JDK-8205353 : SATB compaction hides unmarked objects until final-mark
  • Type: Enhancement
  • Component: hotspot
  • Sub-Component: gc
  • Affected Version: 11
  • Priority: P3
  • Status: Open
  • Resolution: Unresolved
  • Submitted: 2018-06-19
  • Updated: 2021-01-27
The Version table provides details related to the release that this issue/RFE will be addressed.

Unresolved : Release in which this issue/RFE will be addressed.
Resolved: Release in which this issue/RFE has been resolved.
Fixed : Release in which this issue/RFE has been fixed. The release containing this fix may be available for download as an Early Access Release or a General Availability Release.

To download the current JDK release, click here.
Other
tbdUnresolved
Related Reports
Relates :  
Relates :  
Relates :  
Description
The SATB queue compaction feature can keep unmarked objects in the queue until the pause. This may results in very long "Finalize Mark" times.

Verified for SPECjbb2015 (1.22s long Finalize Marks with Shenandoah, but G1 uses the exact same code), but also suspected the cause for Kitchensink/ReferenceStress spurious 7s+ long Finalize Mark (with G1)
Comments
In Shenandoah, we discovered that some workloads are affected by SATB traffic being too low to make the forced enqueues work. I think it would affect any heuristics that decides on forcing the enqueue without knowing about the time. We changed it to time-based triggers that work better: http://mail.openjdk.java.net/pipermail/shenandoah-dev/2018-July/006630.html http://hg.openjdk.java.net/shenandoah/jdk/rev/480dbbcc9dae
05-07-2018

This is day-one behavior and not causing crashes, so changing to enhancement.
21-06-2018

fyi: ZGC does a handshake to force flushing out remaining buffers, and (time-)limited marking.
20-06-2018

Oh, I am not arguing that there are better solutions. The question for me right now is whether we should fix it now in a potentially hacky way (and which way) and do the right thing later (i.e. time-based, and/or just continue with another marking phase if Final Mark takes too long). I am not in any way arguing that decrementing G1SATBBufferEnqueueingThresholdPercent by one is "natural" btw. :) Or just ignore this problem for now (for G1 at least) since in the worst case you can also change G1SATBBufferEnqueueingThresholdPercent manually to make the issue disappear (I would think). As for the contention on the enqueuing, and the enqueuing itself, the queue code is known to have several deficiencies, and at least I know that there is a lot to gain with more clever enqueuing (both implementation wise as well as frequency wise) from old experiments of mine.
20-06-2018

Yeah, but decreasing G1SATBBufferEnqueueingThresholdPercent actually introduces implicit/explicit decrement step anyway.
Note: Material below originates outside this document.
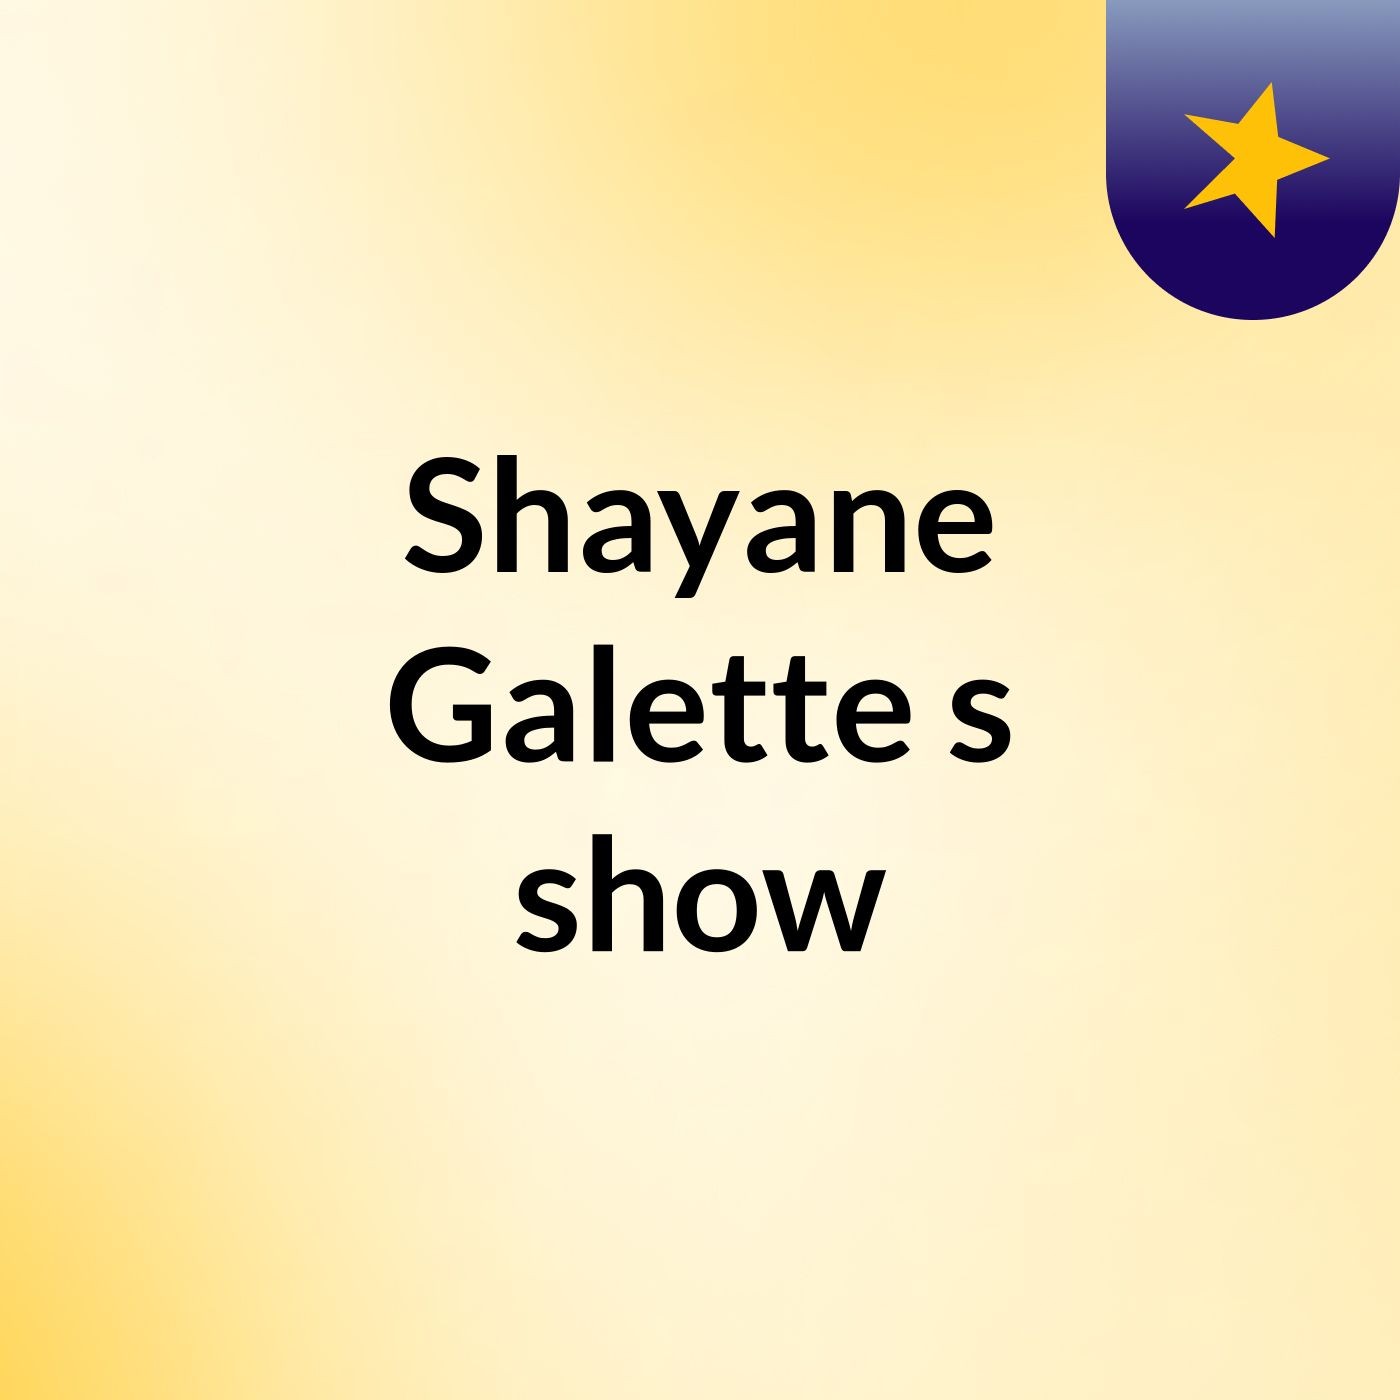 Shayane Galette's show

The fact that it may be hidden -- by assumption that decrement by one is "natural" (why would you think it is?) -- does not make the actual parameter go away. The good thing about "skips" is that we can crank it up to thousands if SATB traffic is high and most oops are dead, without compromising enqueueing performance. In retrospect, we really want to avoid contention on enqueueing (that is guarded by the mutex), which probably means we want to cap the absolute frequency of forced enqueues, this is why time-bound cap feels more intuitive.
20-06-2018

The suggestion with adapting G1SATBBufferEnqueueingThresholdPercent over time was an alternative to adding another imo as unintiutive option as the number of skips has the same issues as just decaying G1SATBBufferEnqueueingThresholdPercent: it is not directly bound to time either. As for the question how to decrease that threshold, I would just linearly decrease G1SATBBufferEnqueueingThresholdPercent by one every time - that would, given current defaults (G1SATBBufferEnqueueingThresholdPercent is 60, can be up to 100), have roughly the same impact as the default value of ShenandoahSATBBufferMaxEnqueueSkips (=50). All these quick-fixes are just that compared to continuing with another concurrent phase.
20-06-2018

I do agree that connecting the flushes to some notion of time is more intuitive. Counting "skips" does feel incomplete, and the optimal default for that option really depends on the SATB traffic, SATB buffer size, etc. I think we actually want to have SATB buffers to be enqueued at least every N ms. In Shenandoah review thread [1], I mentioned the first prototype with a timestamp, and it worked, but I was afraid about adding timestamps on the hotpath, because some systems have scalability problems with timers. We can do logical time, e.g. some epoch counter that SATB compaction path checks against, and periodic task could increment/decrement that counter. It would still introduce the option though, but now nominated in more intuitive "time", which we can guess easily. For example, it seems intuitive we'd want to flush at least each 1ms to make sure >10ms concurrent marks are able to see the hidden objects. Decreasing G1SATBBufferEnqueueingThresholdPercent feels like a more complicated version of what we have with "skips" counter, and it still has the question "by how much to decrease", which again does not avoid the option. Deciding based on oop types in the buffer seems to be awkward, because we can always hide large graphs behind innocuous objects. [1] http://mail.openjdk.java.net/pipermail/shenandoah-dev/2018-June/006410.html
20-06-2018

The ultimate fix would probably be, if final mark takes too long, go back into concurrent operation.
20-06-2018

Or, for a given buffer, we decrease the G1SATBBufferEnqueueingThresholdPercent every time it gets pushed back to the application. (Just wary of adding another option :))
20-06-2018

The patch suggested by [~shade] may still suffer from the same issue, although it won't keep objects unmarked for that long; an alternative could be, while compacting looking at whether we have (large?) j.l.O arrays in the queue. This would of course mean more overhead during filtering, but would guarantee that j.l.O arrays will be processed asap for obvious reasons. It will not help with single references that keep alive a large object graph. Another option, instead of taking the number of retries as a measure for "an old buffer", would be using an actual timestamp in the buffer; that one could even be regularly checked by some watcher thread that somehow forces emptying.
20-06-2018

This issue can be workarounded by changing (lowering) G1SATBBufferEnqueueingThresholdPercent.
20-06-2018

Reported by [~shade], proposed fix for Shenandoah at http://cr.openjdk.java.net/~shade/shenandoah/satb-prompt/webrev.02/
19-06-2018